Materials and methods
Preparation and selection of the samples
Within the Institute for Testing of Materials’ Ceramics Laboratory database, a total of 93 samples of Serbian raw clays were chosen for examination in this study, which originated from four localities: Crne Rovine (CR) – 19 samples; Crniljevo (C) – 51 samples; Damnjanovića Brdo (DB) – 17 samples; and Zaječar (Z) – 6 samples. The selection was based on their various qualities that were determined in the laboratory: the CR samples are refractory clays (Vasić et al., Reference Vasić, Radovanović, Pezo and Radojević2023), the C (Vasić et al., Reference Vasić, Pezo, Vasić, Mijatović, Mitrić and Radojević2022) and DB samples are suitable for whitish floor tile production, while the Z deposit is rich in clay minerals but with a very high content of Fe2O3 (see the ‘Results and discussion’ section).
Serbia exports raw clay and also uses clay in the production of good-quality ceramic tiles. There are two producers of ceramic tiles in Serbia: Zorka keramika in Šabac (in the western region of the country) and Keramika Kanjiža in Kanjiža (in the northern region of the country). Two of the studied deposits (C and DB) are ~70 km from Zorka keramika. Other localities are studied to determine the possibility of exporting their clays or using them as a part of the raw materials mixture in the country.
All samples underwent identical treatment and testing procedures. Upon arrival at the laboratory, they were dried at 100 ± 5°C until reaching a constant mass. Then, they were uniformly dry milled using a planetary mill until they passed through a 0.5 mm sieve. Subsequently, 4% tap water was added to achieve a semi-dry 400 kg cm–2 pressure, and specimens of 120 × 25 × 8 mm were formed. Tiles were fired in a laboratory electric furnace under oxidizing conditions at 1100°C, 1200°C, 1250°C and 1300°C for 1 h dwell time, following a predefined slow-firing regime (Vasić et al., Reference Vasić, Radovanović, Pezo and Radojević2023). Detailed processing parameters, results and discussions on the localities CR and C have been published previously (Vasić et al., Reference Vasić, Pezo, Vasić, Mijatović, Mitrić and Radojević2022, Reference Vasić and Radojević2023).
Testing and analysis
Laboratory tests
The chemical and mineralogical compositions of the clays were analysed with energy-dispersive X-ray fluorescence (XRF) spectrometry using a Spectro Xepos XRF spectrometer, and with X-ray diffraction (XRD) analysis using a Philips 1050 XRD device, respectively. The instrumental techniques, sample preparation, reference materials and component detection have been described in previous studies (Vasić et al., Reference Vasić, Pezo, Vasić, Mijatović, Mitrić and Radojević2022; Mijatović et al., Reference Mijatović, Vasić, Lj, Radomirović and Radojević2023).

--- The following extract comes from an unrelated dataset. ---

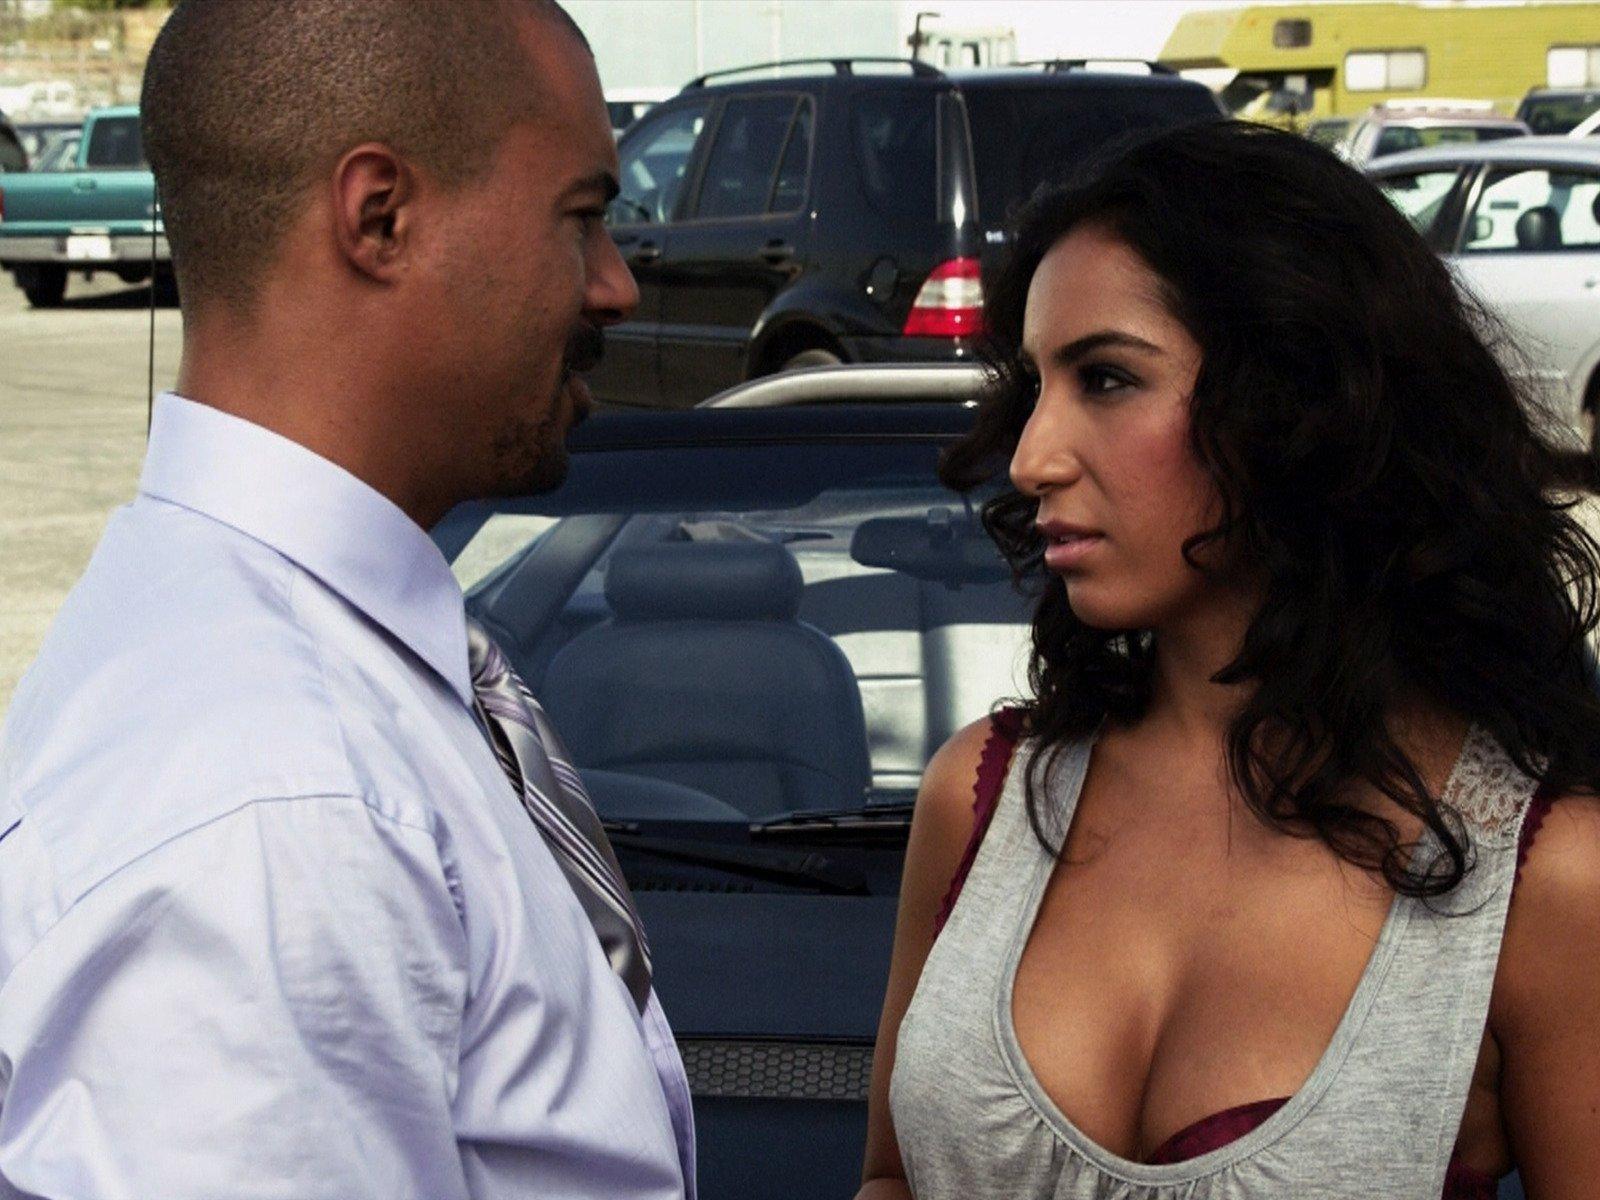 Amazon.com: Watch Zane's Sex Chronicles Features - Season 2 | Prime Video

Particle-size distribution was determined on crushed samples using a combination of wet and dry methods, including sieving and hydrometer techniques (c.f. Radomirović et al., Reference Radomirović, Mijatović, Vasić, Tanaskovski, Mandić, Pezo and Onjia2021). Dry sieving through a set of standard sieves was used to determine silt- and sand-sized fractions. The size distribution of the fine fractions (<0.063 mm) was determined using the hydrometer method with a sodium hexametaphosphate solution as the dispersant. The particle-size ranges for the indicated particle-size classes were clay (<0.002 mm), silt (0.002–0.06 mm) and sand (0.06–2 mm).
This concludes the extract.